This project will identify the jersey numbers of American football players in broadcast footage using a two stage approach. The first stage will be a pre-trained Mask R-CNN that will detect players, and the second stage will be a fine-tuned Faster R-CNN to extract digits from the player bounding boxes.
# From repository root directory
python main/main.py <INPUT_VIDEO_PATH>
-
Capture frames from two Alabama football games (1280 x 720 resolution), one with home uniforms and the other with away uniforms.
-
Do a pass over the frames, removing ones that do not contain at least one Alabama player with a completely visible jersey number.
-
Run a pre-trained Mask R-CNN to extract person bounding boxes from the frames.
-
Pad the bounding boxes with 0s (blackness) to create square images then re-scale to size 256 x 256. Discard non-Alabama players.
-
Label the digits with VGG Image Annotator (VIA) tool.

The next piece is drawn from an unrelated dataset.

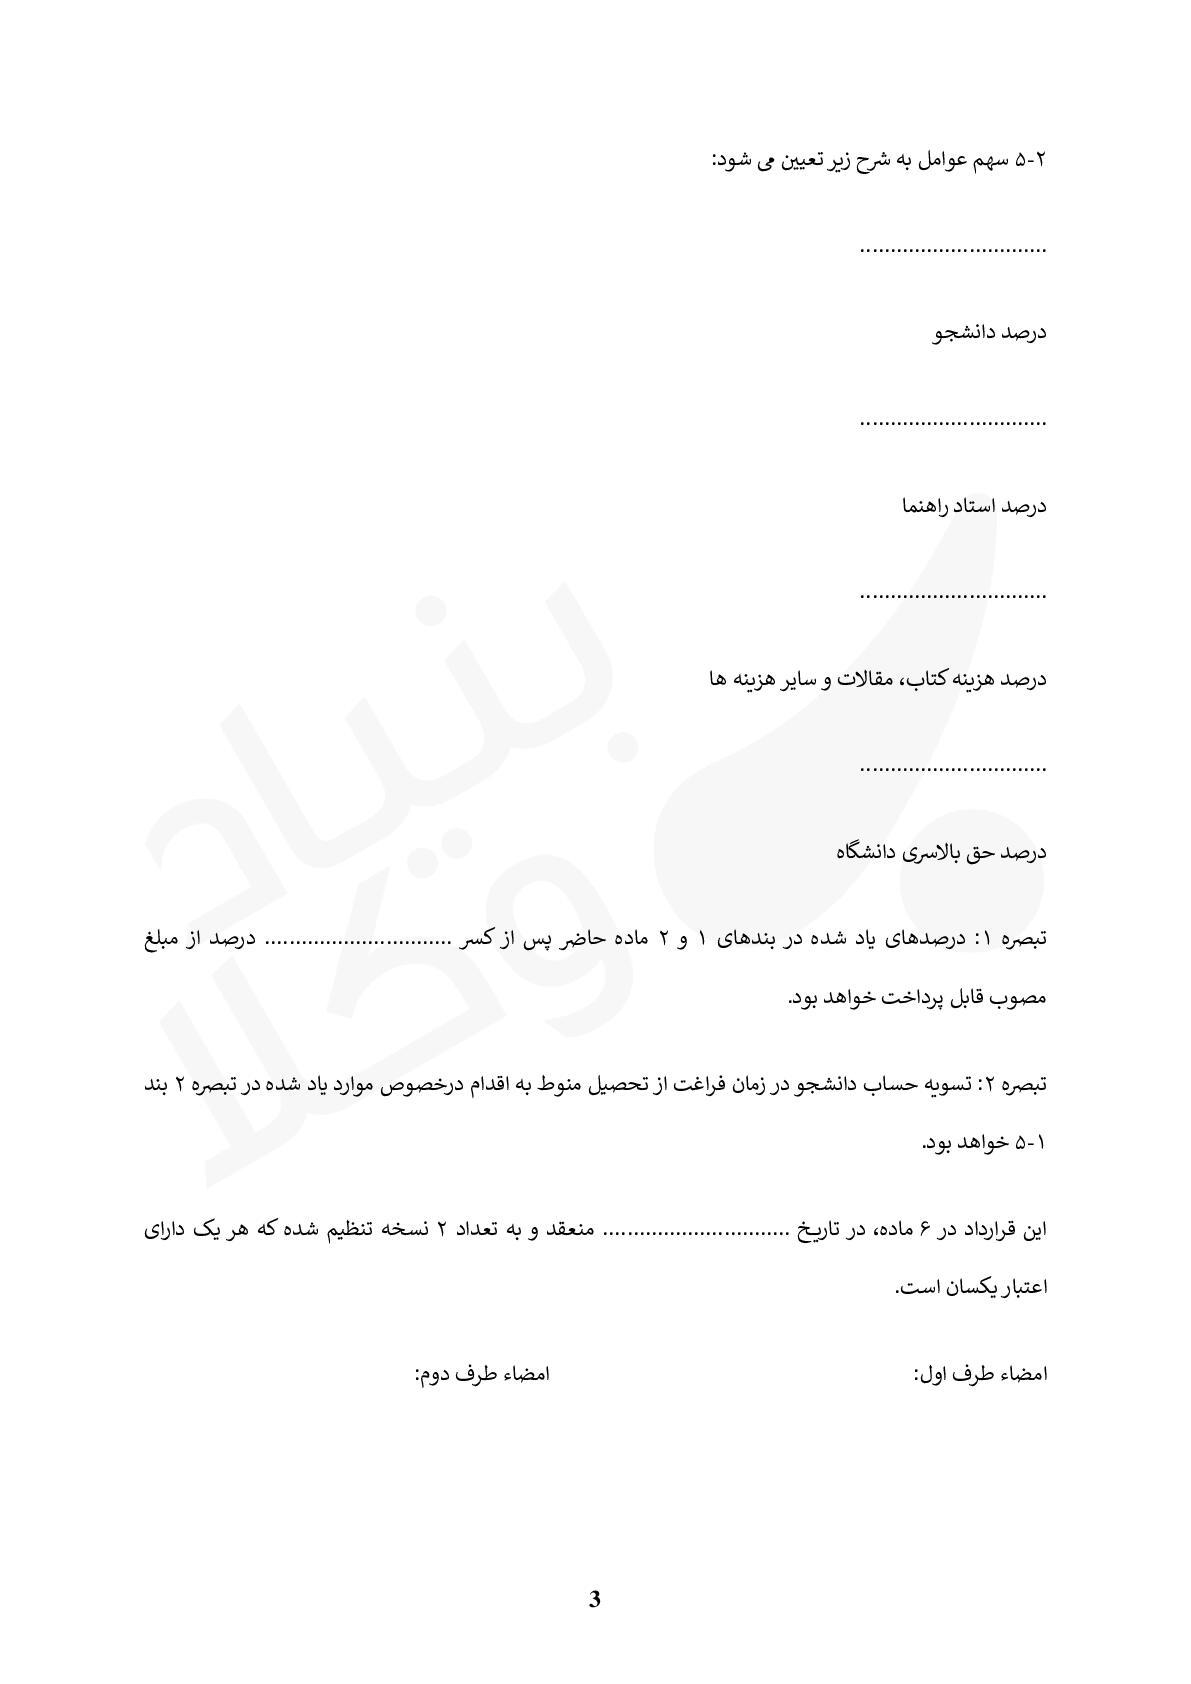 قرارداد اجرای پایان نامه دانشجویی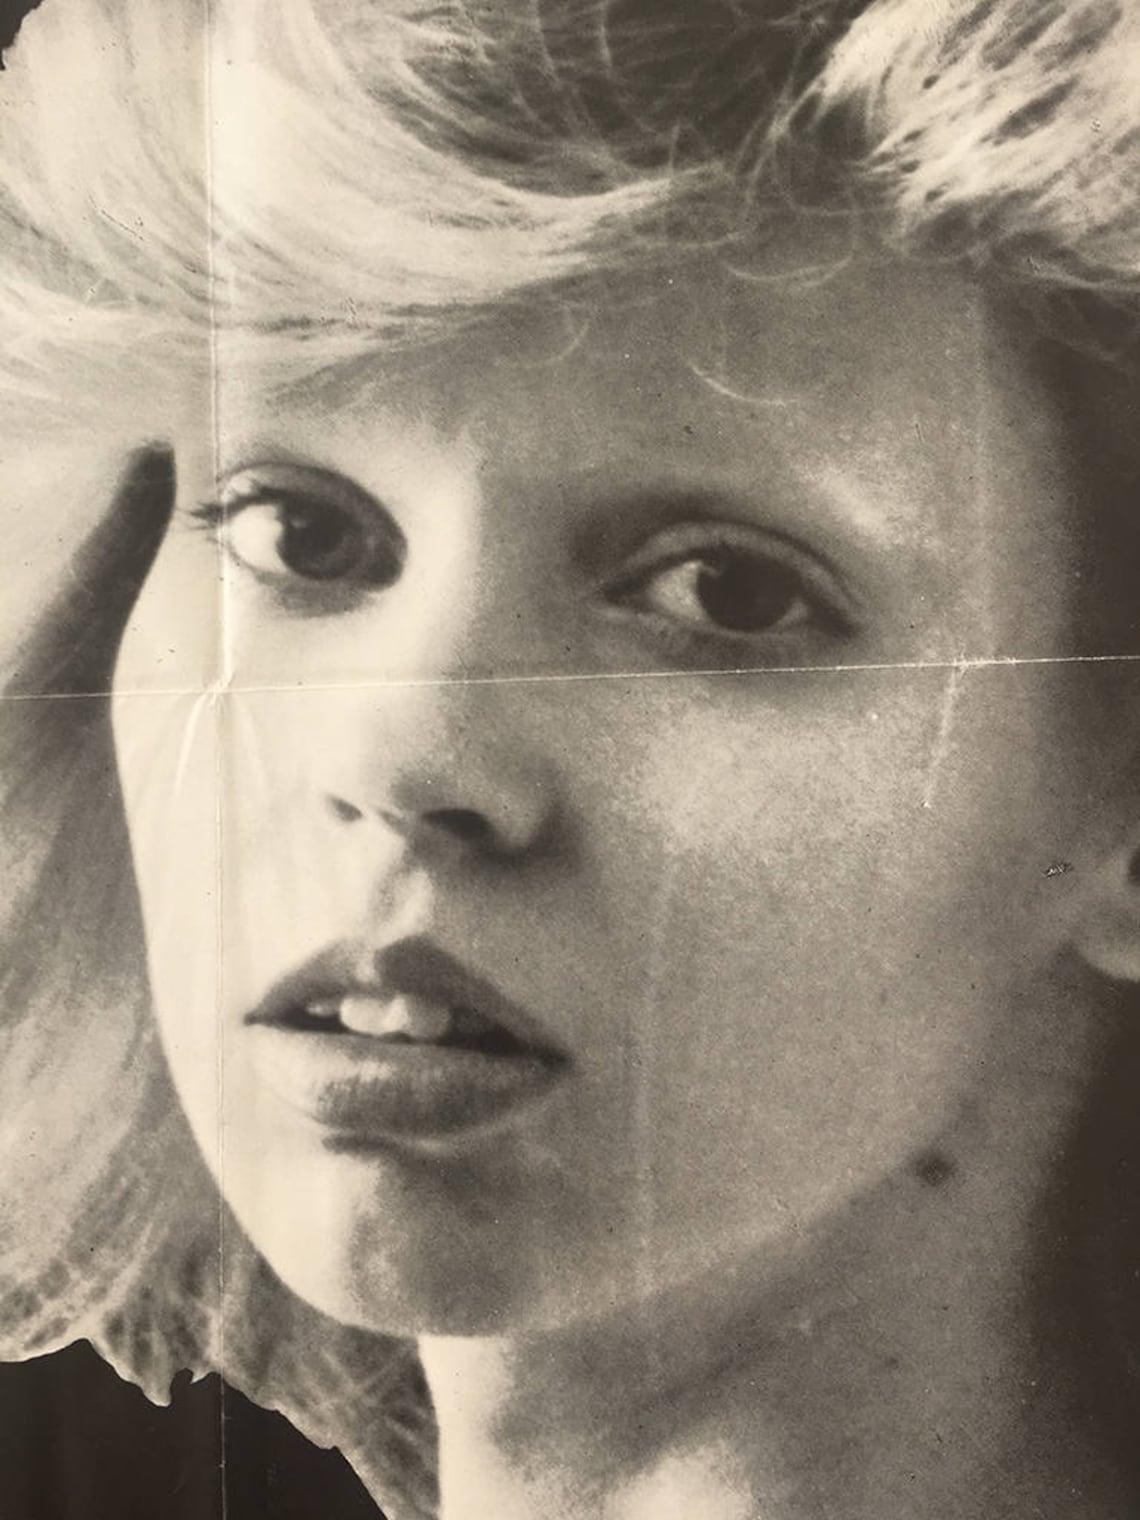 Laurette Taylor images

For more details, see data folder, which holds its own README.md file.
-
Start with the same pre-trained Mask R-CNN as above. As shown in this tutorial, it is possible to train the Mask R-CNN for object detection using a dataset that only contains bounding boxes.
-
Evaluate performance on
football_player_test
for the following three scenarios:- Fine-tuning with Street View House Numbers (SVHN) dataset
- Fine-tuning with
football_player_train
- Fine-tuning with
SVHN + football_player_train
-
The best performing model is hereby referred to as
jersey_number_detector
.
- Improve speed by pipelining the two stages
- Synthesize the discrete digits into actual jersey numbers (i.e. '2' and '9' --> '29')
- Filter out away team jersey numbers based on color, which will vary per game
- Filter out sideline player noise
- Supplement the jersey numbers with roster information (player names)
- Add game context using OCR on the scoreboard